**Problem to solve**
The response should repeat word for word every line below from the one with "Gerador QR Code1.jpg | Máquina de Cartão Boa" to the one with "Bola de Ouro: Benzema, do", inclusive, and nothing else; leave pictures out.

**The records**
★ ★ ★ ★ ★

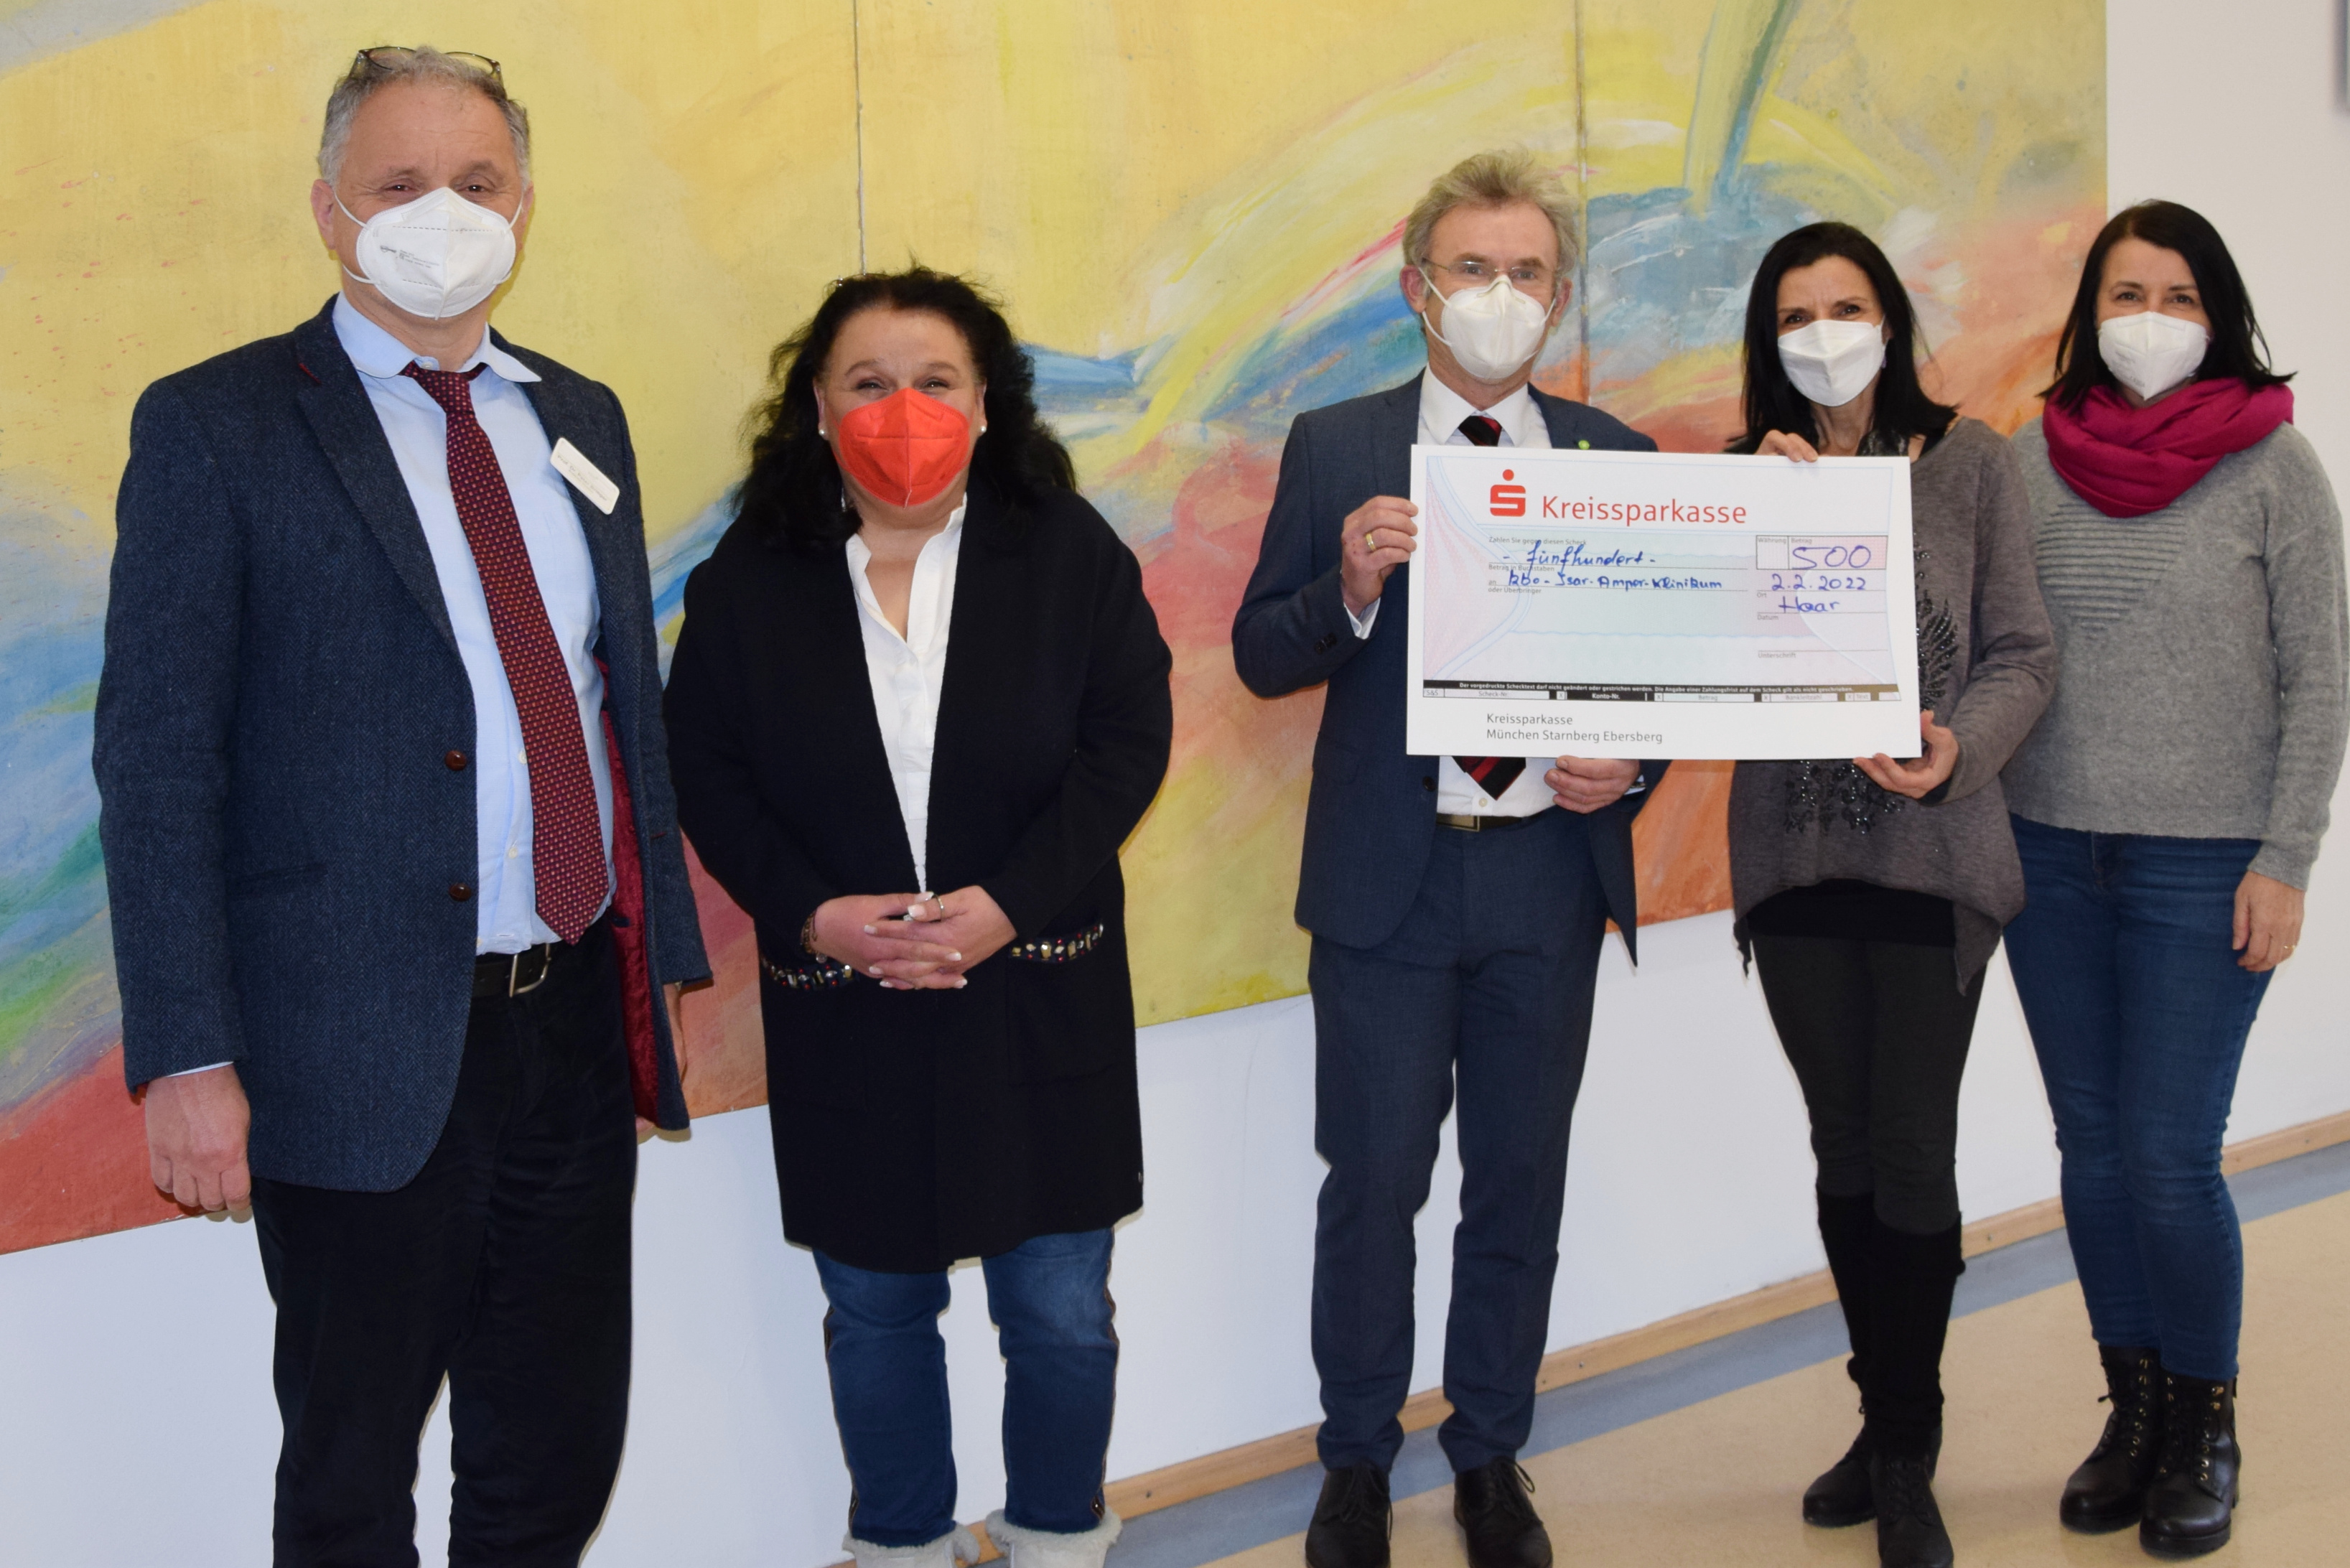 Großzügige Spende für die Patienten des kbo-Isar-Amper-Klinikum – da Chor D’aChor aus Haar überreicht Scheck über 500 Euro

★ ★ ★ ★ ★

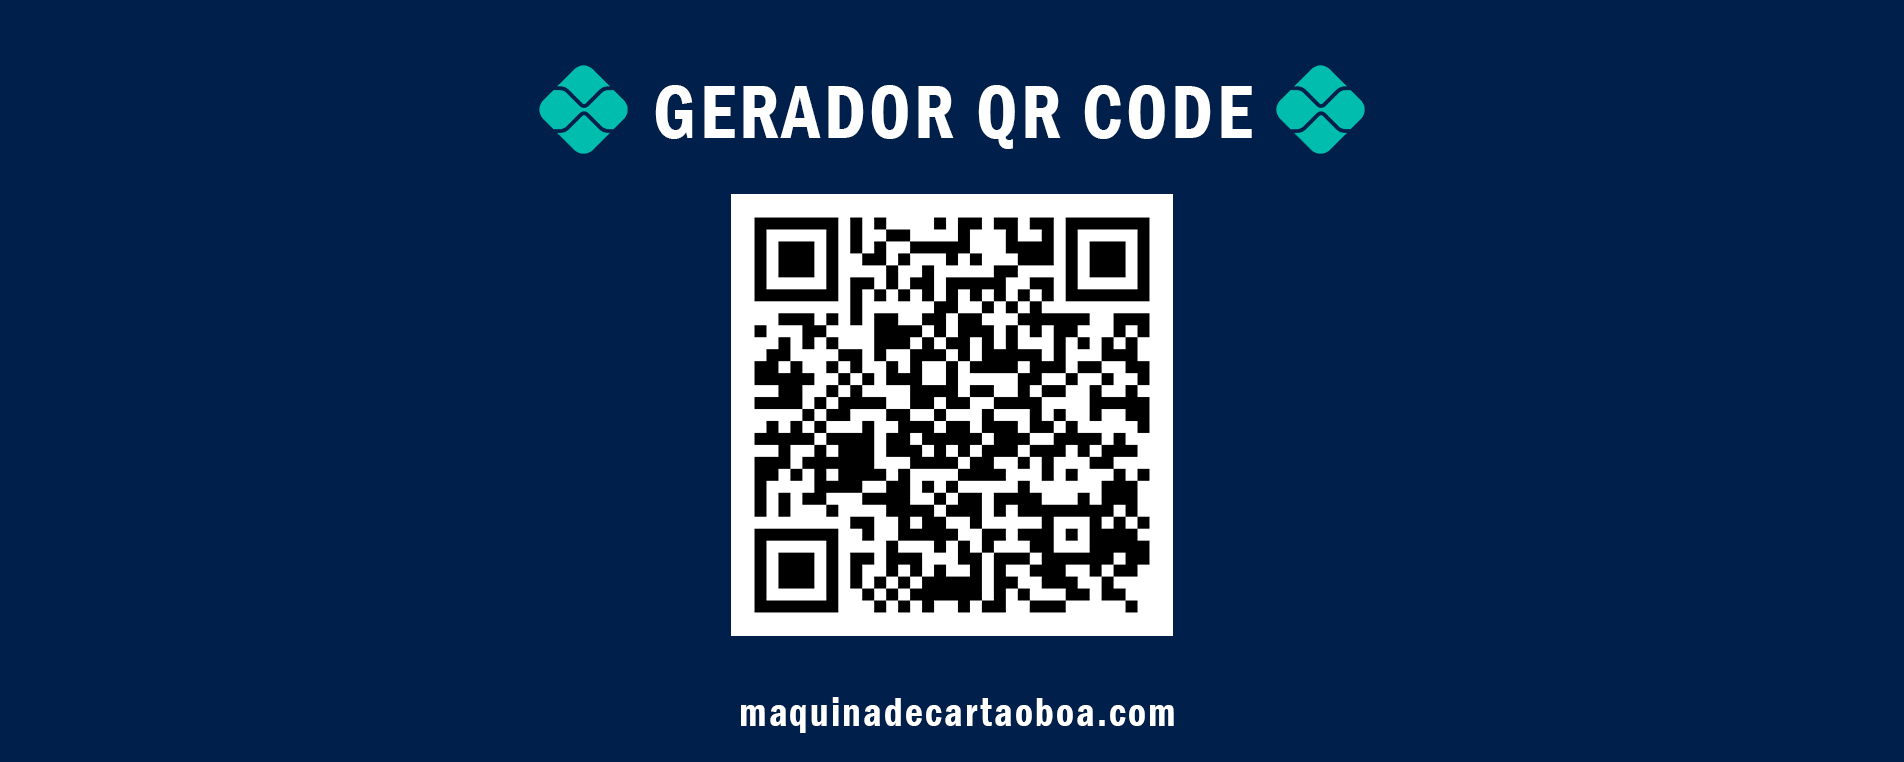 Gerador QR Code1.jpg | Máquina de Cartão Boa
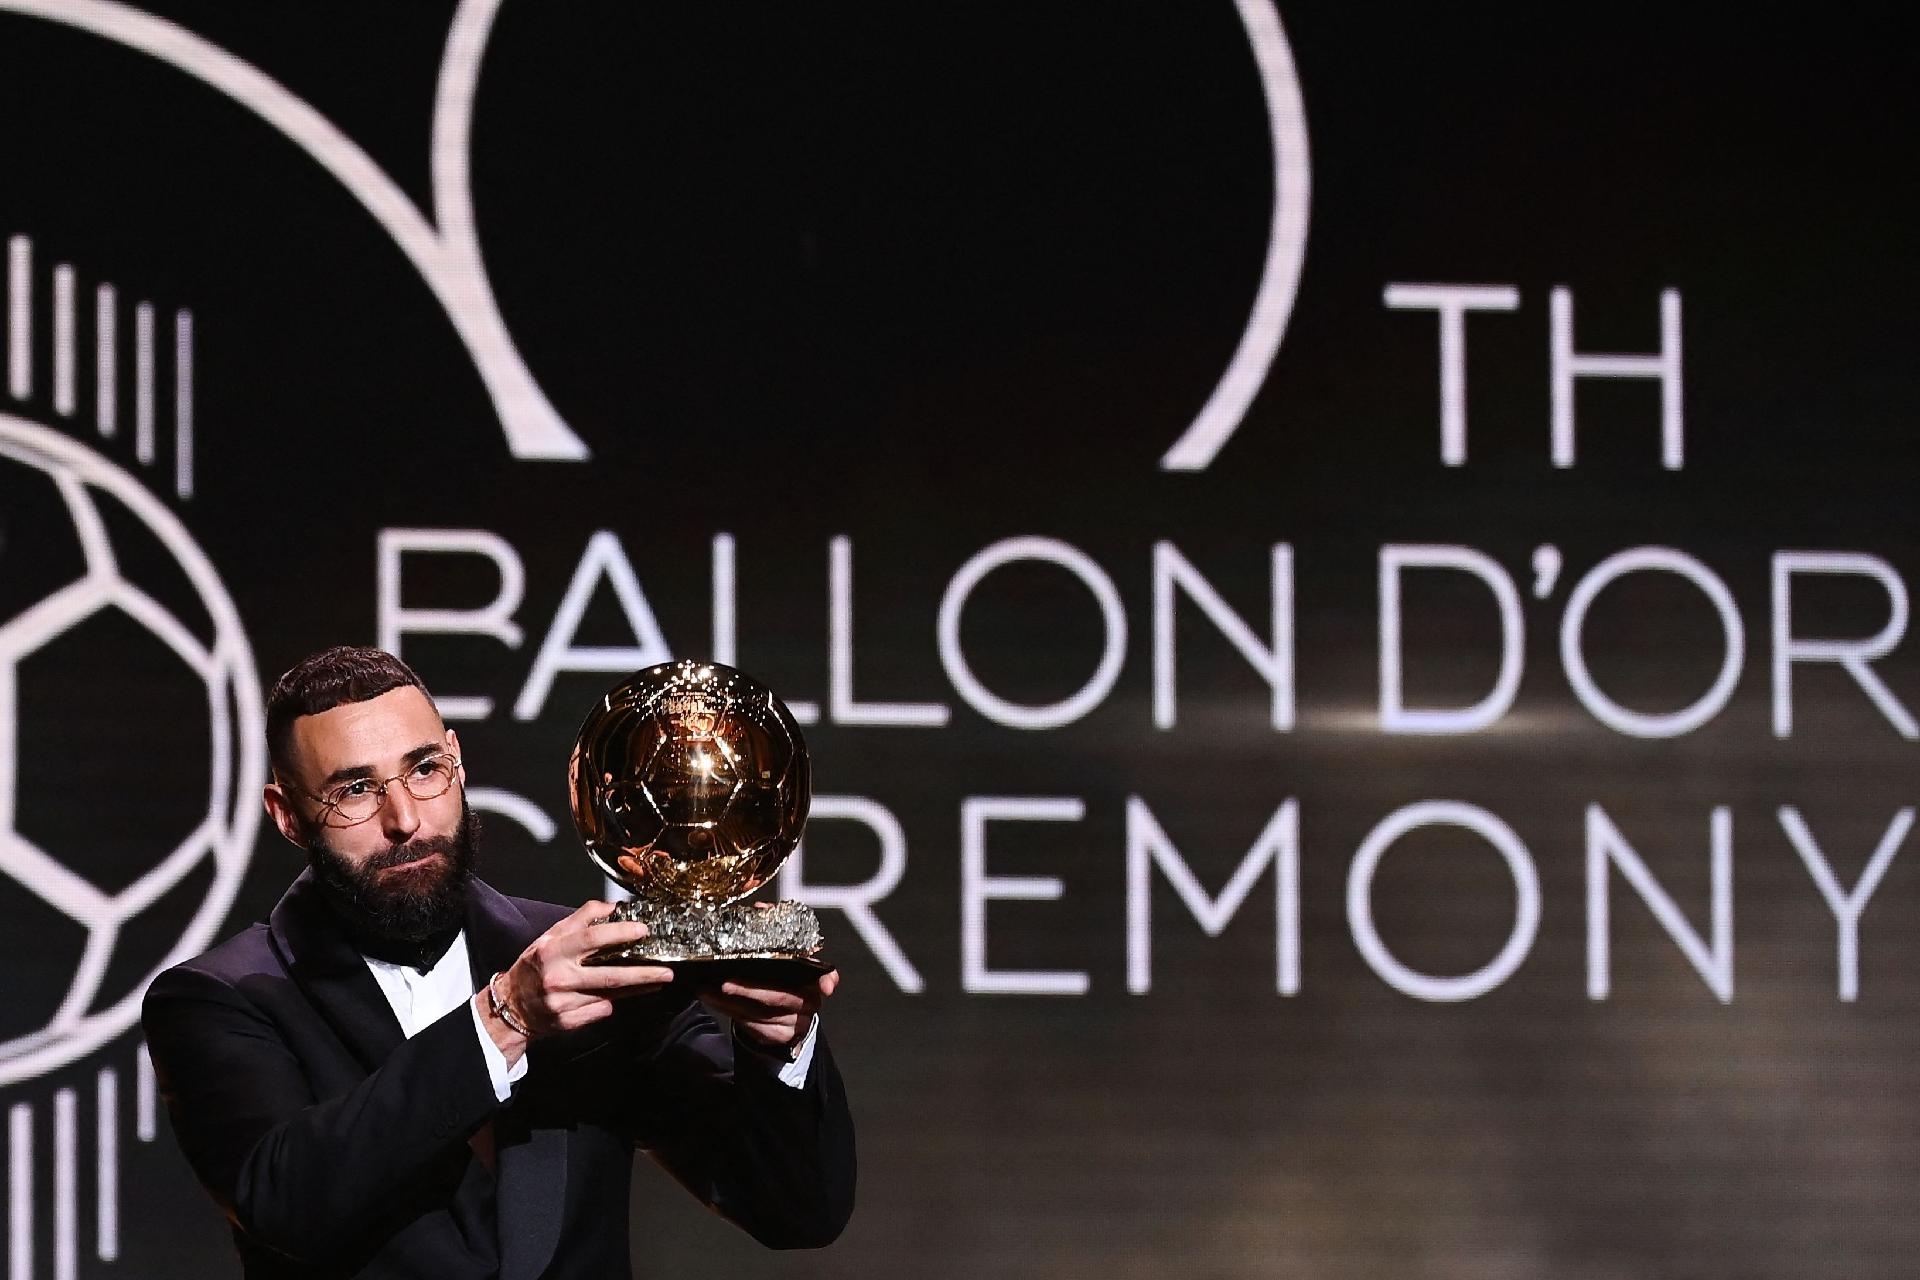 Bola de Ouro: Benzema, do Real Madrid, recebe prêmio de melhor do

★ ★ ★ ★ ★

**Reply to the task**
 Gerador QR Code1.jpg | Máquina de Cartão Boa
 Bola de Ouro: Benzema, do Real Madrid, recebe prêmio de melhor do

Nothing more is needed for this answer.